The idea of postmodernism came from honesty and realization, that we are not living in a perfect society. It’s all about truth. As time goes people get bored of what’s in front of them and they crave for something modern, something new. New technology, new society, new political ideas etc. Not long time ago, people had this image in their head of perfect life or like a perfect world – “utopia”, which is quiet impossible to reach and doesn’t always lead to success and because of that people had to learn how to deal with the idea of the future being not so bright as they imagined – “dystopia”. It’s like yin-yang, where “yin” is people living in past, living this organic “perfect” life, it’s almost like a non-existent society, it’s utopia, it’s a dream, it’s a brainwash. And “yang” is the complete opposite, it’s reality, it’s a modern change that brings dystopia. So to sum up, postmodernism is a way of thinking about culture, architecture, art, philosophy and many other things. Like any other art movements it has it’s mind games.Postmodernism says that there is no real truth. It says that knowledge is always made or invented and not discovered. Because knowledge is made by people, a person cannot know something with certainty – all ideas and facts are ‘believed’ instead of ‘known’. People believe that they know what the truth is, but they will think that the truth is something different later. This is the opposite of ‘objectivity’, which says that the truth is always there and people have to discover it.
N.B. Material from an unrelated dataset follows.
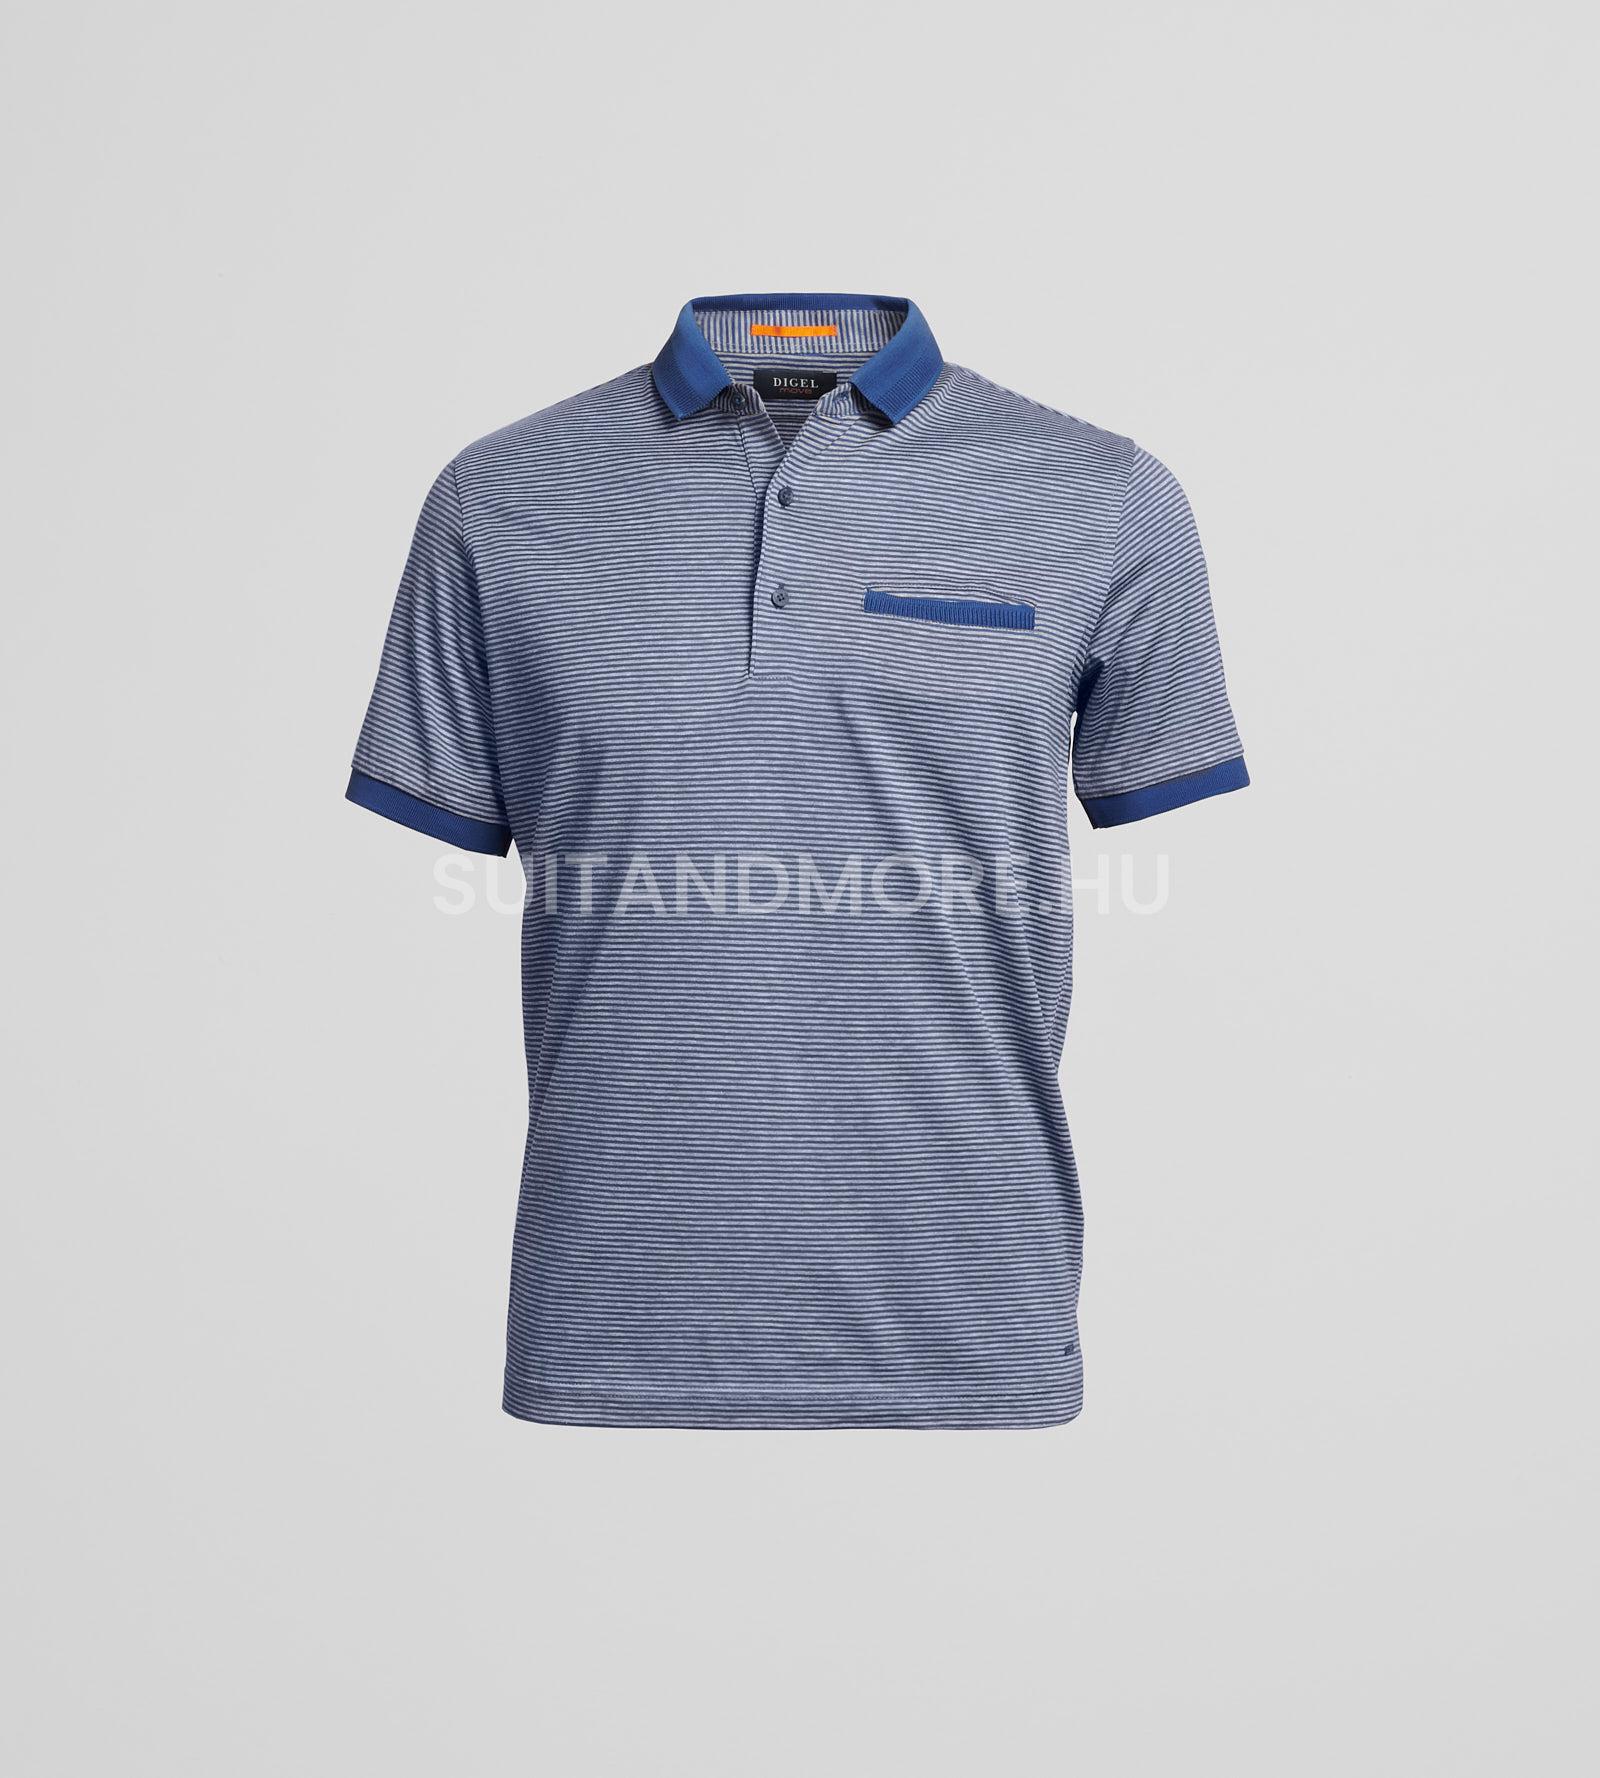 Digel-kék-slim-fit-csíkos-ingpóló-ANDREA-1-2-1188115-22-01

A really good example would be Alessandro Mendini’s destruction of Lassu chair, 1974. He used a very basic thing like a chair to show how ideal modernist form is being destroyed (by fire in this case). So he set this chair on fire and took photographs of the whole process. The burning chair symbolizes destruction of the past, it’s no longer just a functional object, it goes beyond the functional and announces a new moment in design: something is being burned but something new may grow from the ashes.
The other example of postmodernism but in movie production industry is Ridley Scott’s 1982 film Blade Runner.
Time was set in Los Angeles 2019 and the idea is that harrison Ford as a detective hunts down wayward “replicants”, androids with superhuman abilities. Some of there artificial humans do not know that they are synthetic – and are horrified to discover that their memories and personalities are implanted. The film uses it as a metaphor for the postmodern condition in general. The suggestion is that we are all “manufactured” by the advertisements we see, the space of the cities we live in, the television shows we watch. Our very identities have become artificial.